The politics of inevitability and the politics of eternity shape how nations understand themselves and their relationship with the rest of the world. 

For Europe and America, the 20th century was marked by a belief in a “politics of inevitability” which posits that history marches inexorably toward a predetermined destination. In America, Timothy Snyder writes, the politics of inevitability took the form of a trust in market forces. These forces, it was thought, naturally produced democracy, which, in turn, would bring happiness. In the European form, nations arose, learned to value peace and, therefore, chose integration. Unlike the politics of inevitability, the “politics of eternity” does not believe in a better future; rather, it centers on the notion of perpetual victimhood: The enemy is always at the gates, and the present and the future are one.

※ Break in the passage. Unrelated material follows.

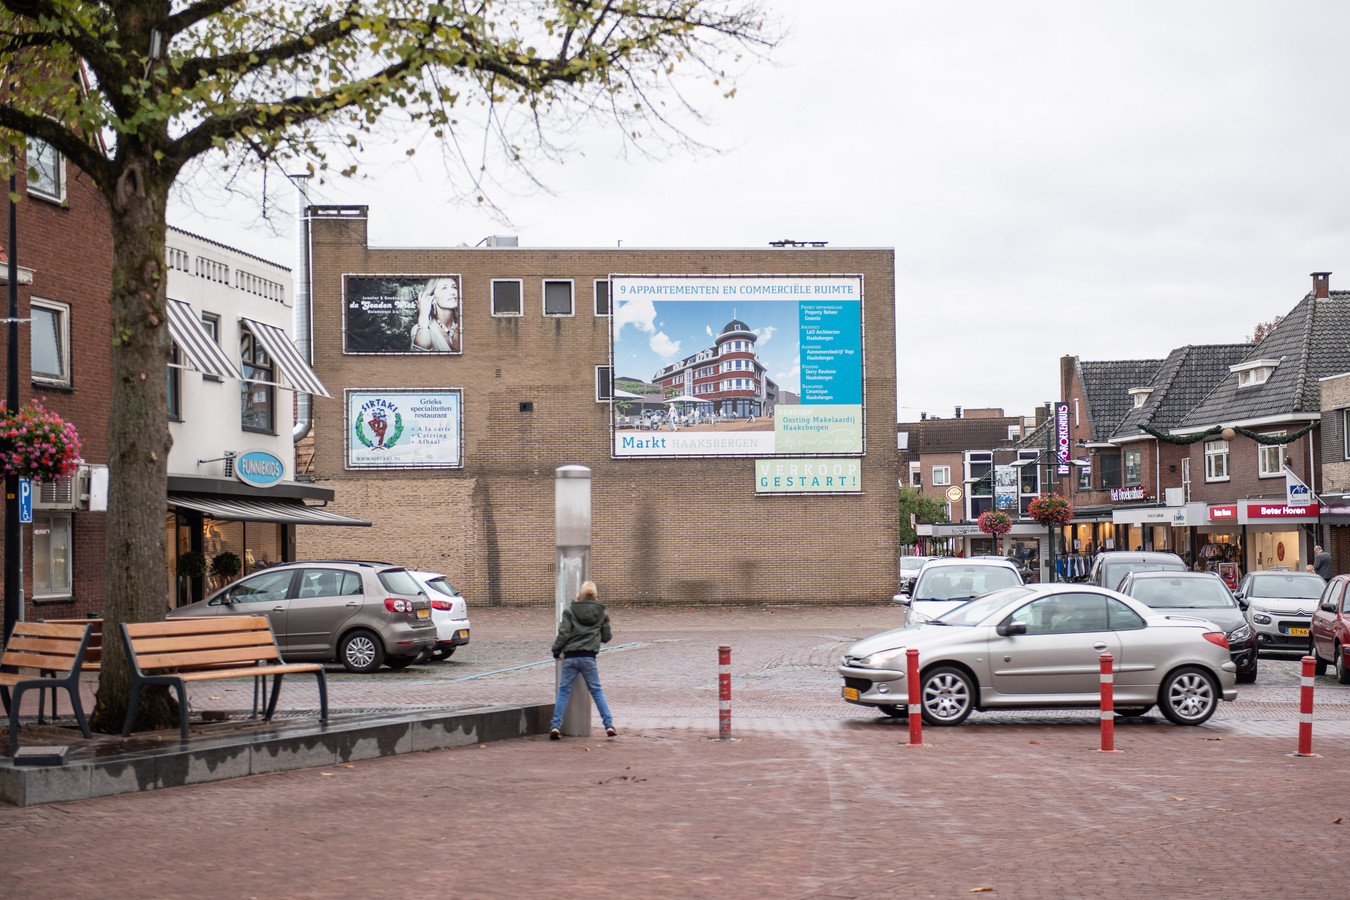 836 euro per vierkante meter vroeg de gemeente voor de grond aan de Molenstraat, die dezelfde dag voor 2169 euro per vierkante meter is verkocht.
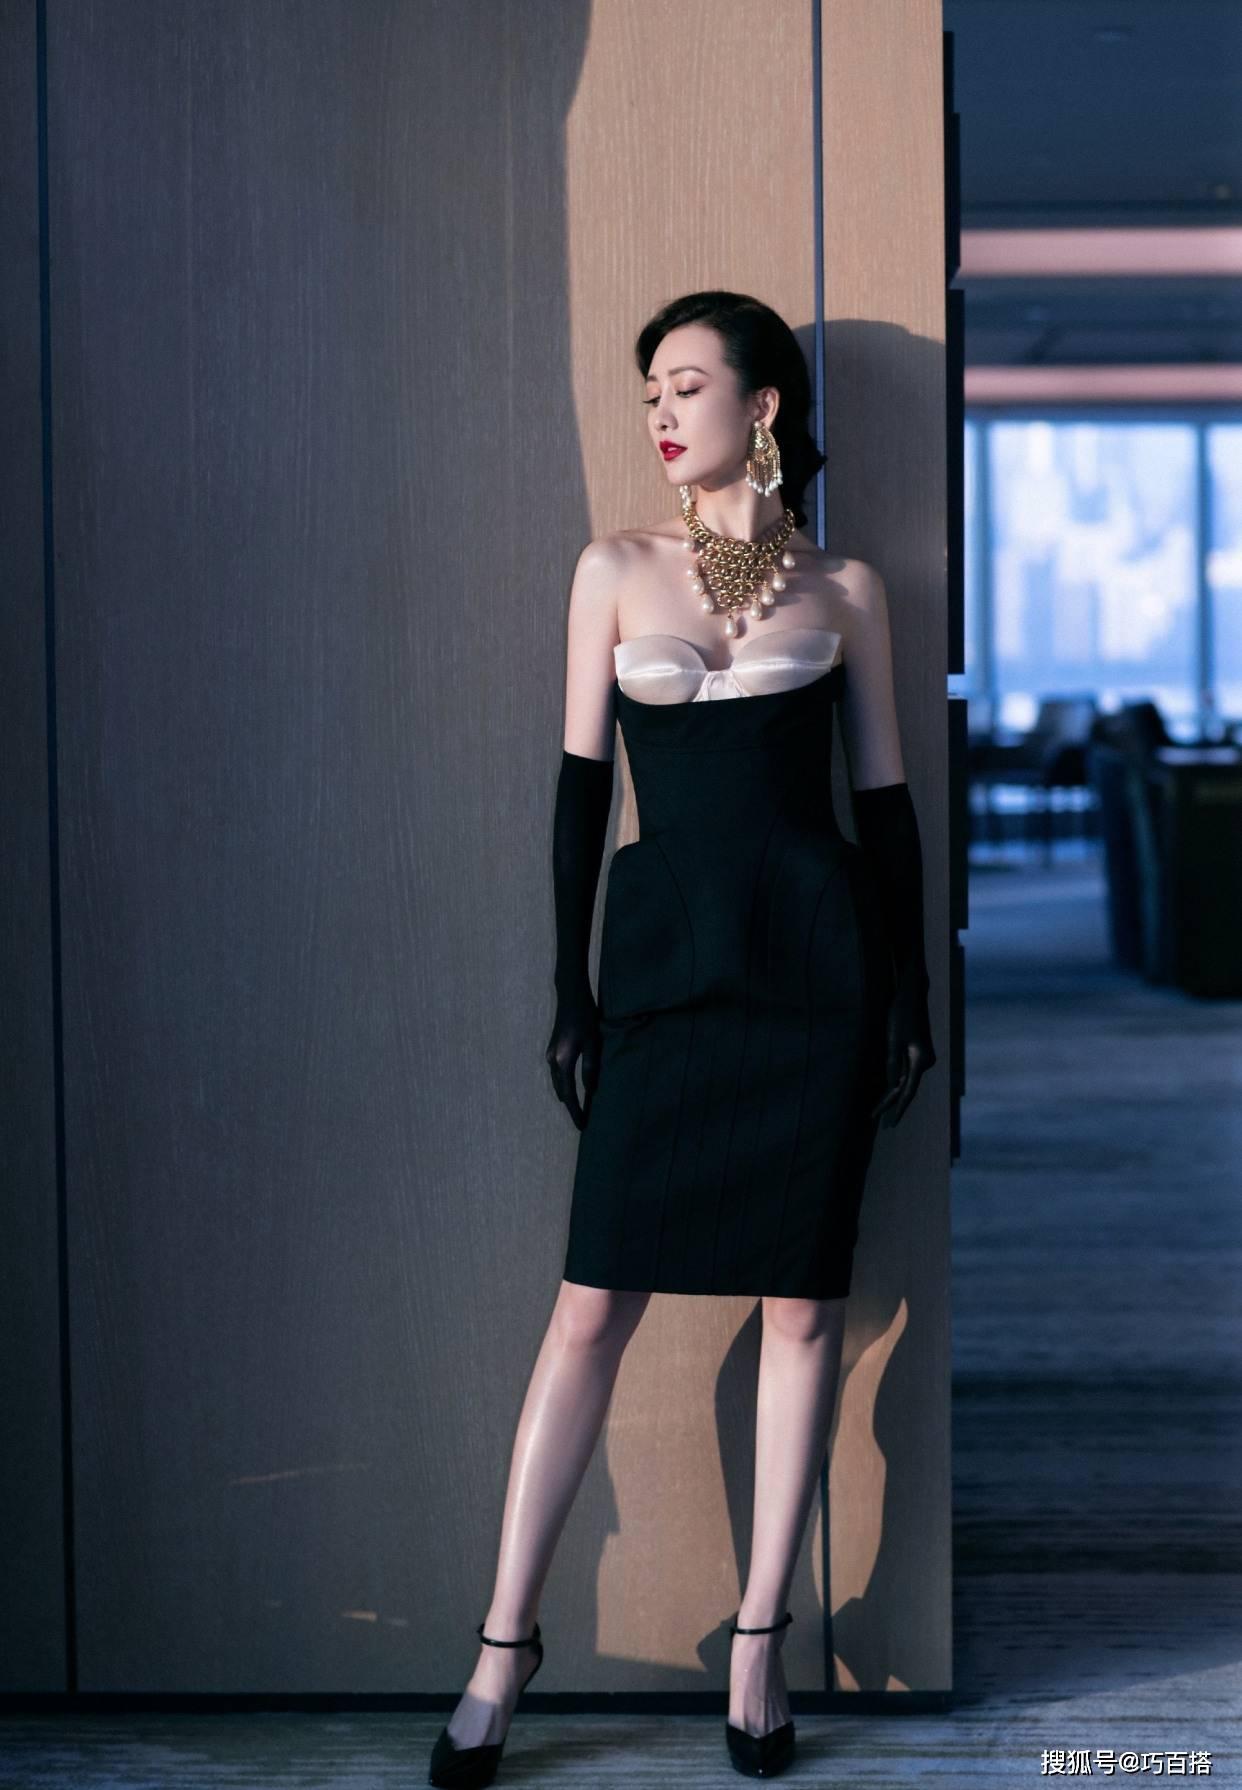 王鸥这也太好看了!修身连衣裙勾勒s曲线,成熟女人的韵味

Eternity politicians suppress and deny facts that contradict their narratives or that suggest the possibility of change. Factuality itself becomes an enemy – thus, Donald Trump, an eternity politician, calls journalists enemies of the state and lies unapologetically. 

Inevitability politics eventually leads to eternity politics. 

According to Snyder, both inevitability and eternity politics ignore history. Because inevitability politics leads to a deterioration in the understanding of a nation’s political foundations, a shift to a politics of eternity eventually follows. The communist form of inevitability held that technology would cause a natural progression from social change to revolution to utopia. When that inevitability collapsed – as it did in the Soviet Union under Leonid Brezhnev – it opened the door to a politics of eternity. In America, rising economic inequality has weakened inevitability politics. People who feel unable to progress economically cease to believe in a future that is different from the present – a sentiment that aligns with the politics of eternity.